Thanks for all the input @all.

@Bhante I could certainly do what you suggested, have to think more about significance. Would the formulas you suggest not mimic the shape of flow rate? Not sure what I'm supposed to see. Do you have any visual examples/links to look at?
Also, I'm not certain if each of those variables is sampled equally (timewise), not sure if it matters though, as I'd use 1 sec intervals anyways. Even though many of the RESMED signals are subsampled much faster than 1sec, I think the machine only writes synchronized samples out at 1 sec to the card. I also don't see any insp/exp volume on oscar, for your equation (only time)- are they both tidal volume? Are those volume variables available? The breathing signals (zoomed flow rates) honestly look pretty darn smooth, most of the time (second figure is single apnea event and breathing signals surrounding). A lot better than APAP did. Yesterday, had a lot more energy as the day wore on.

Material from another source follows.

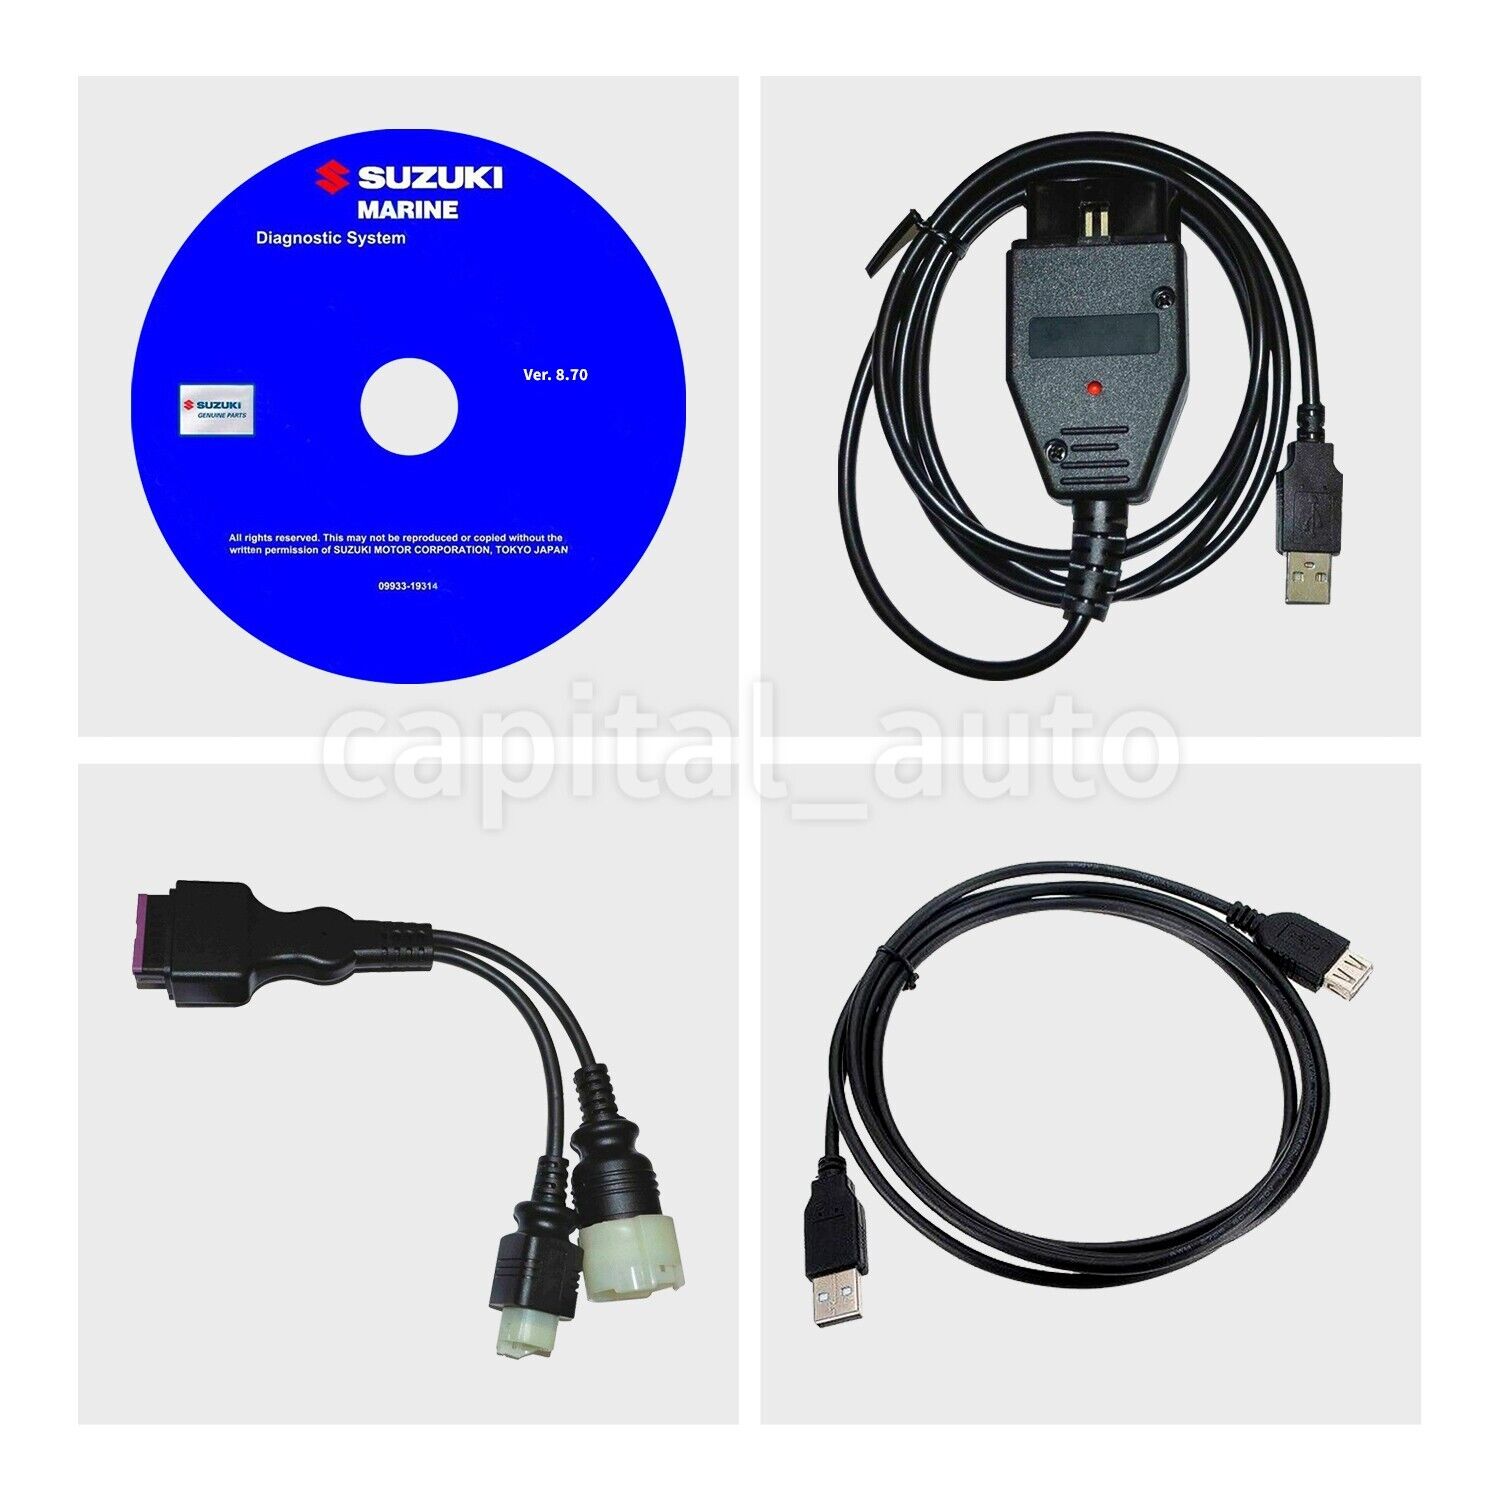 For Suzuki Outboard Boat Marine Diagnostic USB Cable Kit SDS 8.70
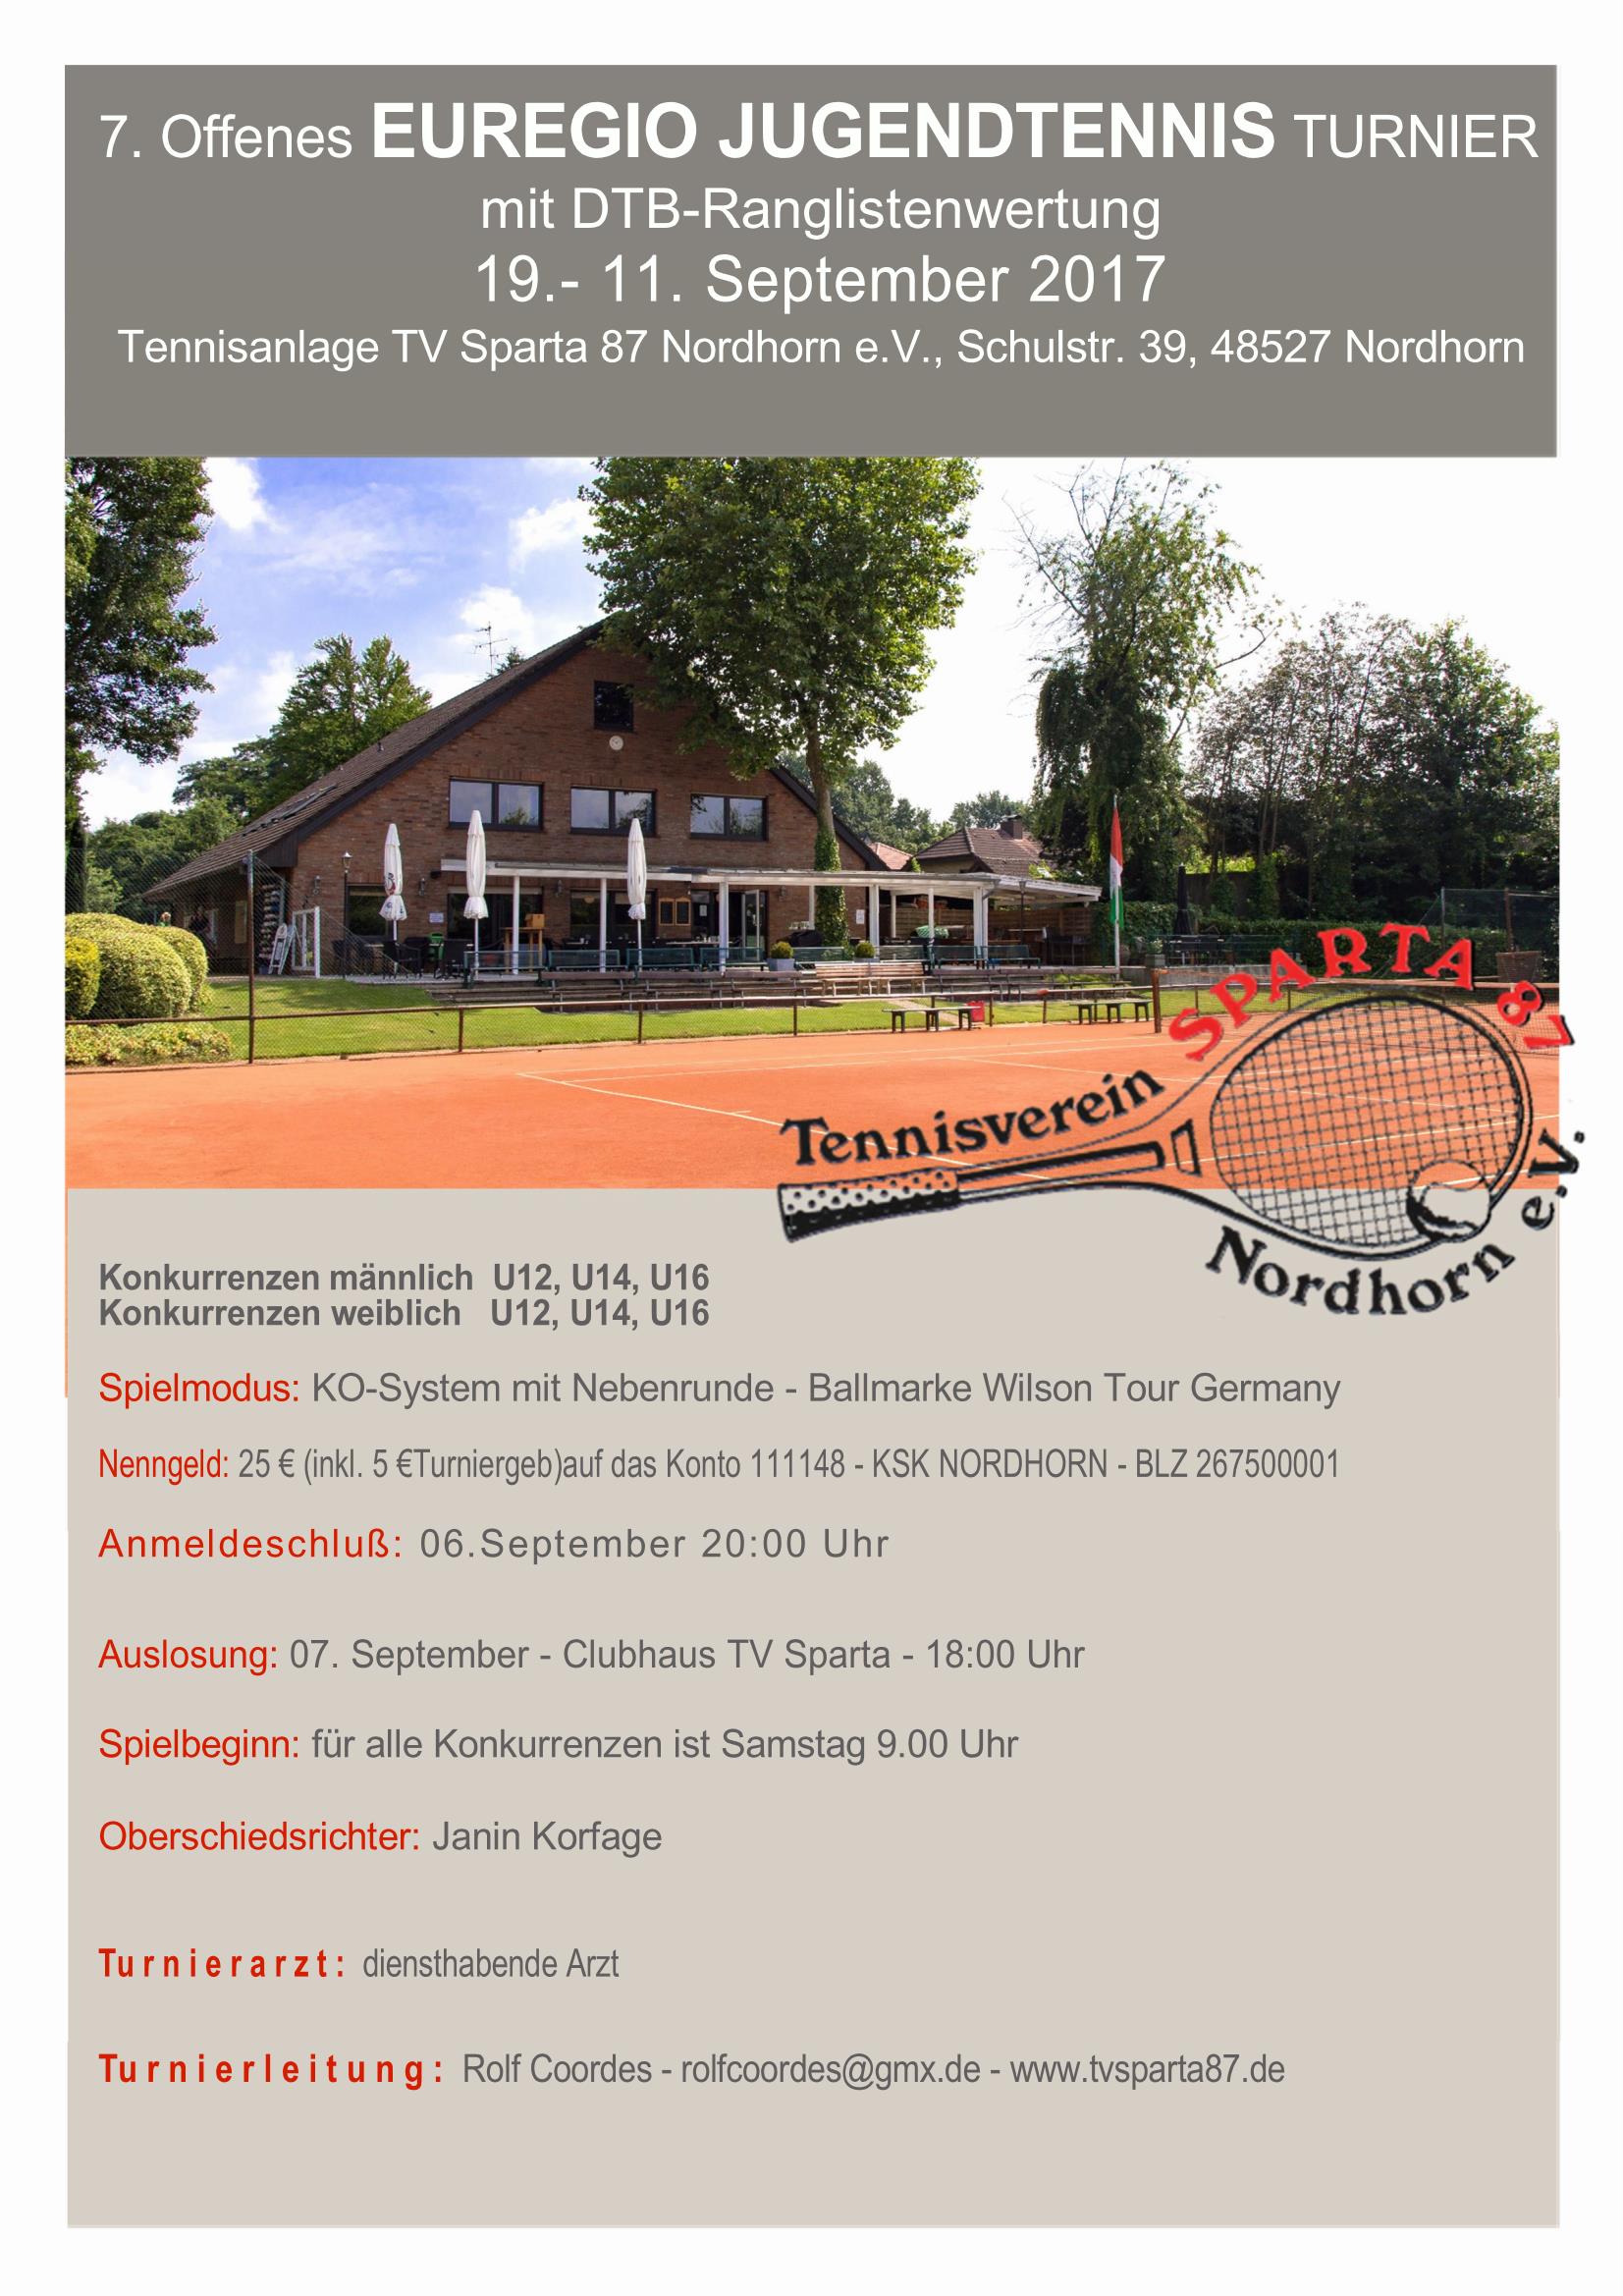 9.-10. September: 7. offenes Euregio Jugendtennis-Turnier

@Jay 51, when I went to get my machine I did indeed see a portable SPO2/Capnography device next to a patient bed. So, they are certainly aware of it. Guess my Dr. doesn't believe it's worth looking into. And have a feeling this new device will delay that. I have a feeling if ASV solves it, maybe no reason to look further -- not sure, would have been nice to know for a fact.

@Jay51 and Bhante
If Jay could provide the raw data, I could put together Bhantes signal. Maybe we can all learn from it. But unfortunately, if you are gathering the data from ASV machine, I suspect the hypoventilation would not be present or minimized due to the machine (isn't that one purpose?), Bhante thoughts? Again, it would be great to have a link to show what I should expect to see regarding identifying hypo/hyper/normal behavior.

Now here's something interesting. They insisted large was right nasal pillow size. So last night, I started out with that hissing and sounds like leaking and fighting pressures, after about 20 minutes, I said heck with it, I'm trying medium. Put it on -- all those issues vanished.
It was back like smoothly inhaling exhaling, no leaky sounds - no weird machine forcing me to inhale earlier than I want. On the other hand median TV dropped to 440. Almost as if larger size supported larger air volume and TV -- no evidence though (and I'm sure most vendors would dismiss that conjecture).

Night was still very choppy with awakes (literally hour or two in mid am), but charts all look really good, I think. Still tired this morning. Will see how day goes.  I suspect they never did any overnight remote titration, but let the machine auto titrate by using auto mode. I sure don't see any differences in pressure formula since I turned it on.